What are the responsibilities and job description for the Cloud/DevOps SRE - Infrastructure & Automation position at ClifyX?
Job Details
Job Description:
Cloud/DevOps Site Reliability Engineer (SRE) with hands-on experience in Kubernetes, Docker, and containerized environments and Automation .
The ideal candidate will be responsible for managing production infrastructure services, ensuring high availability, reliability, and performance of our internal cloud systems.
The role requires expertise in automation , infrastructure management, and operational support, with a good working knowledge/ understanding of various database technologies (Oracle, SingleStore, ClickHouse, MongoDB), Kafka/Python/Shell-scripting a plusCloud Infrastructure Management: Implement and maintain scalable cloud infrastructure across various environments. This would mostly be internal cloud and may not be 3PC.

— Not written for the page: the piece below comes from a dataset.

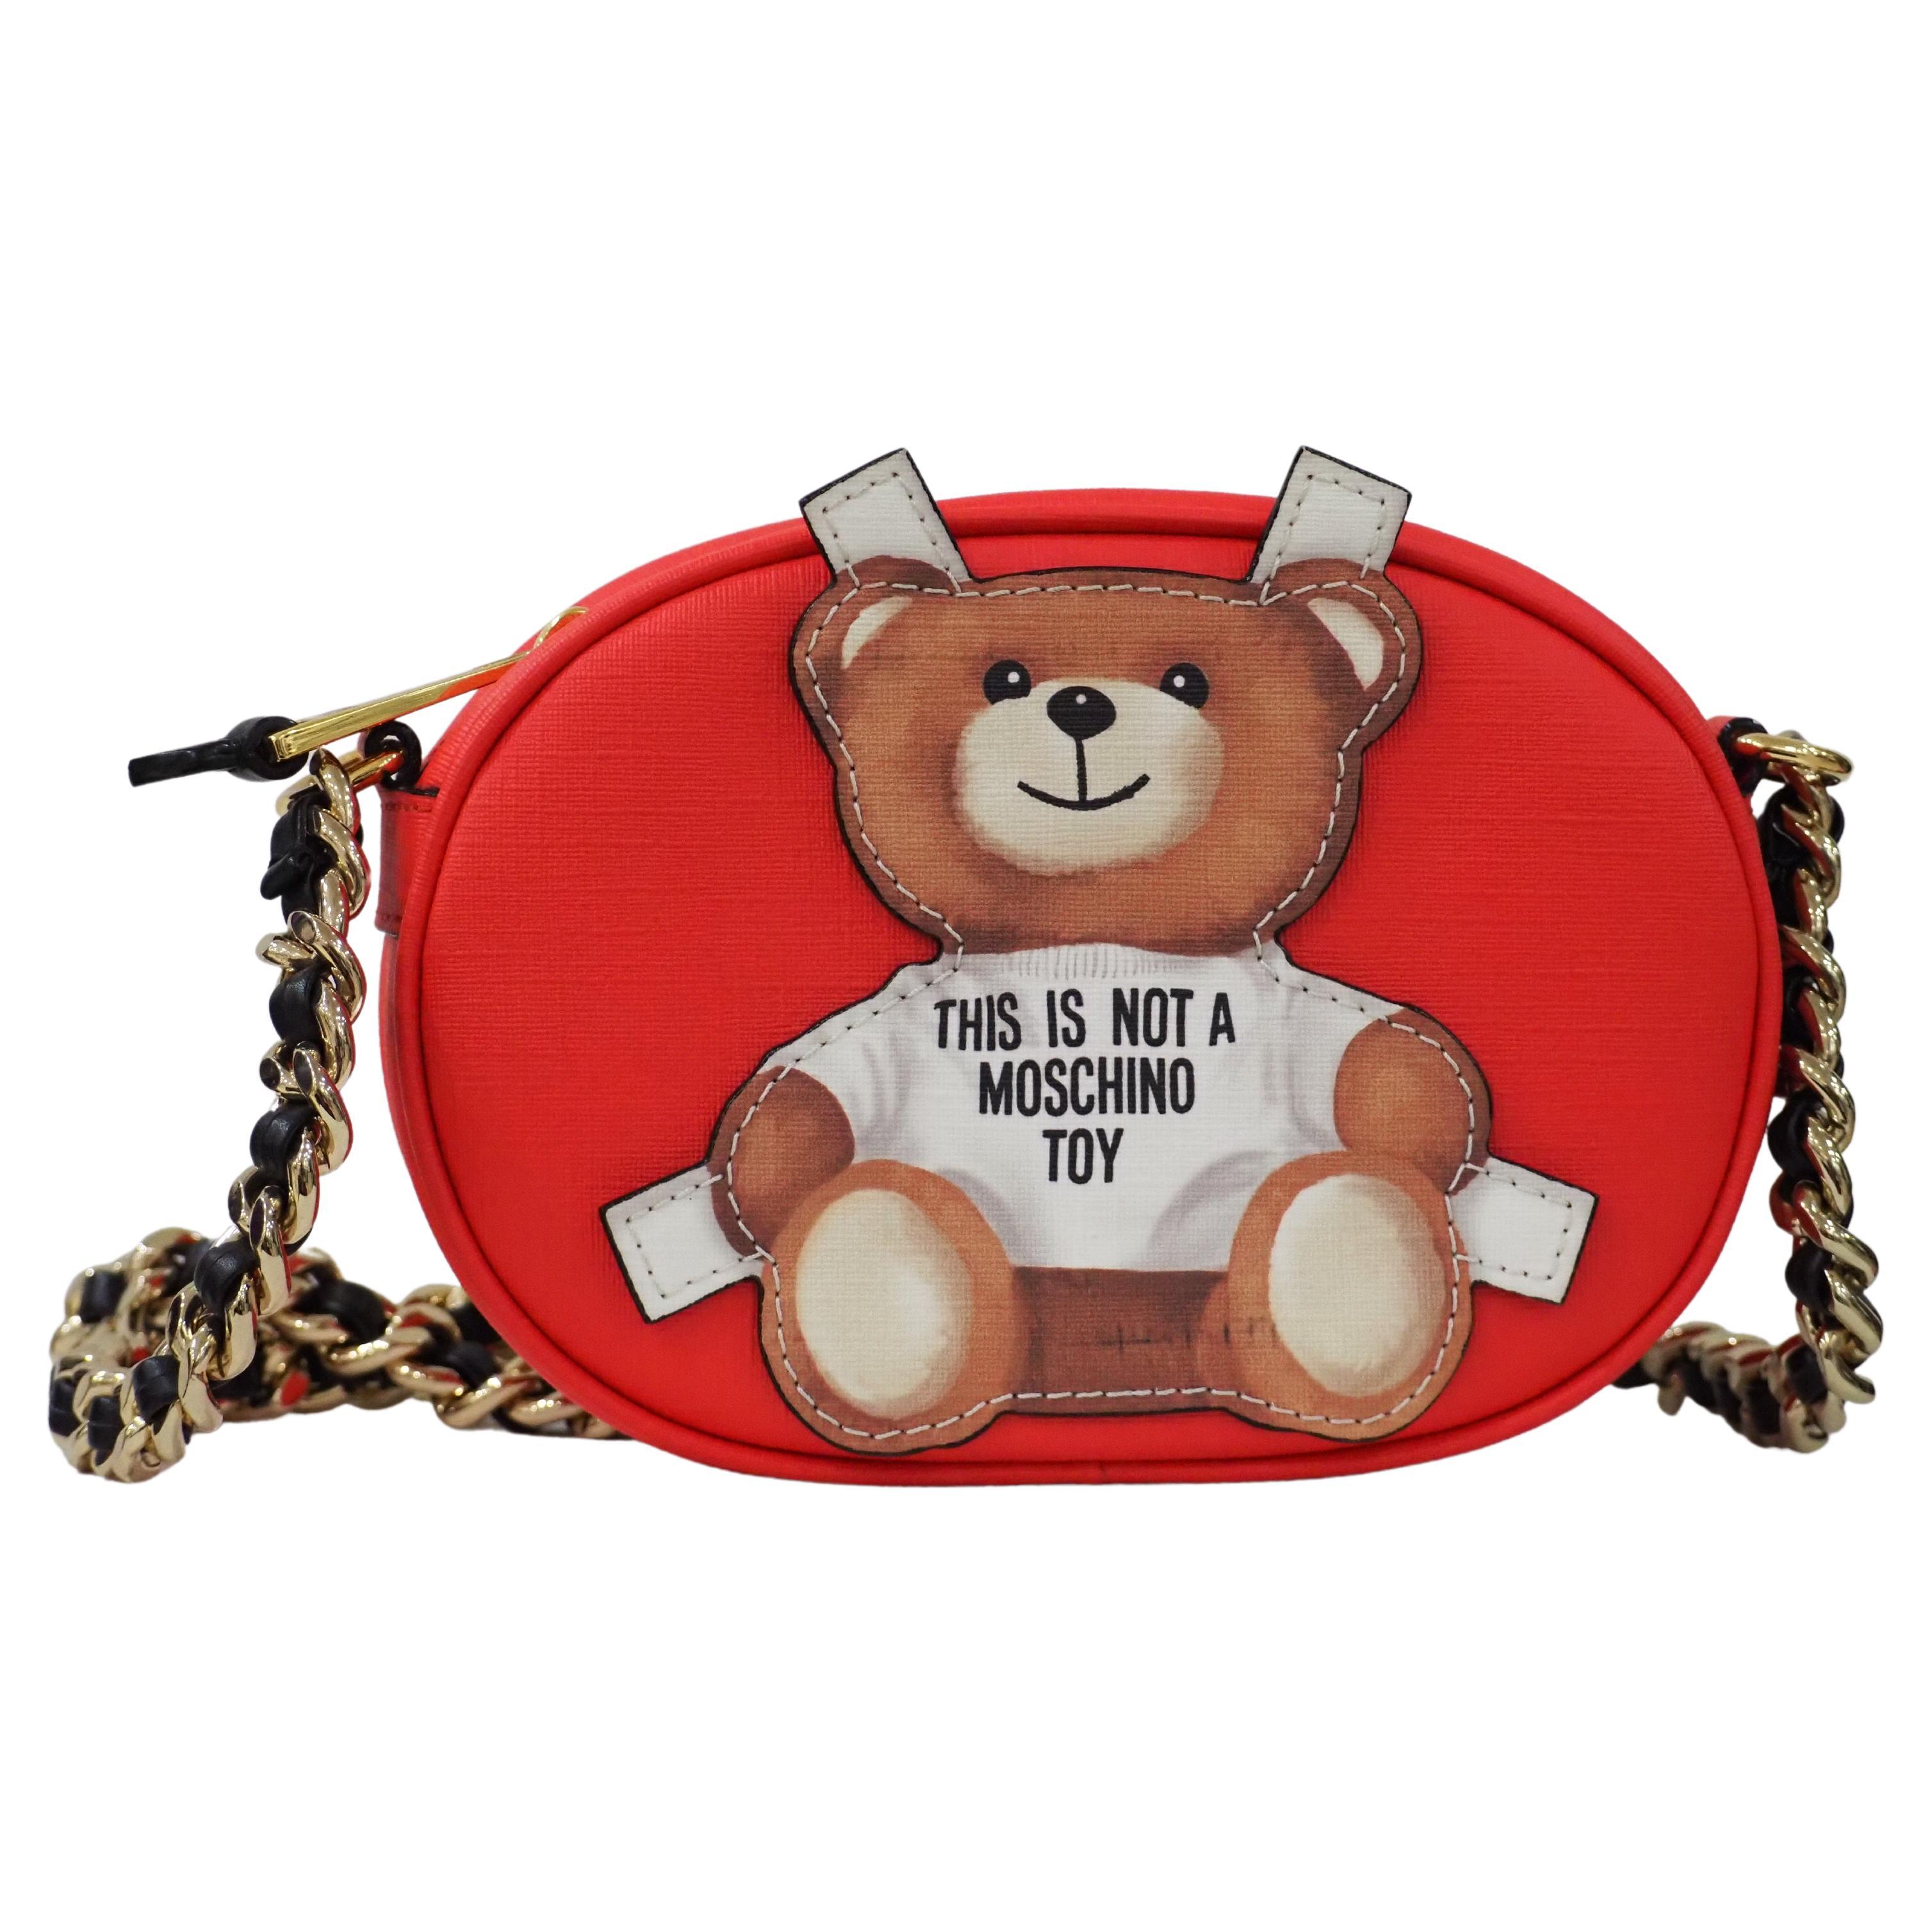 Moschino This is not a Moschino Toy red leather shoulder bag For Sale

Kubernetes & Docker Management: Deploy, manage, and scale applications using Kubernetes, Docker, and container orchestration tools.
Automation & CI/CD: Develop/Implement automation scripts for infrastructure provisioning, deployment, and continuous integration/delivery (CI/CD) pipelines.
Production Support & Monitoring: Ensure high availability, monitoring, incident resolution, and performance tuning for production environments.
Collaboration: Work closely with development teams to optimize cloud-native applications and improve system efficiency.
Incident Response: Lead and coordinate incident management, troubleshooting, and post-mortem analysis for production systems.
Continuous Improvement: Advocate for and implement best practices for cloud-native infrastructure, automation, and security.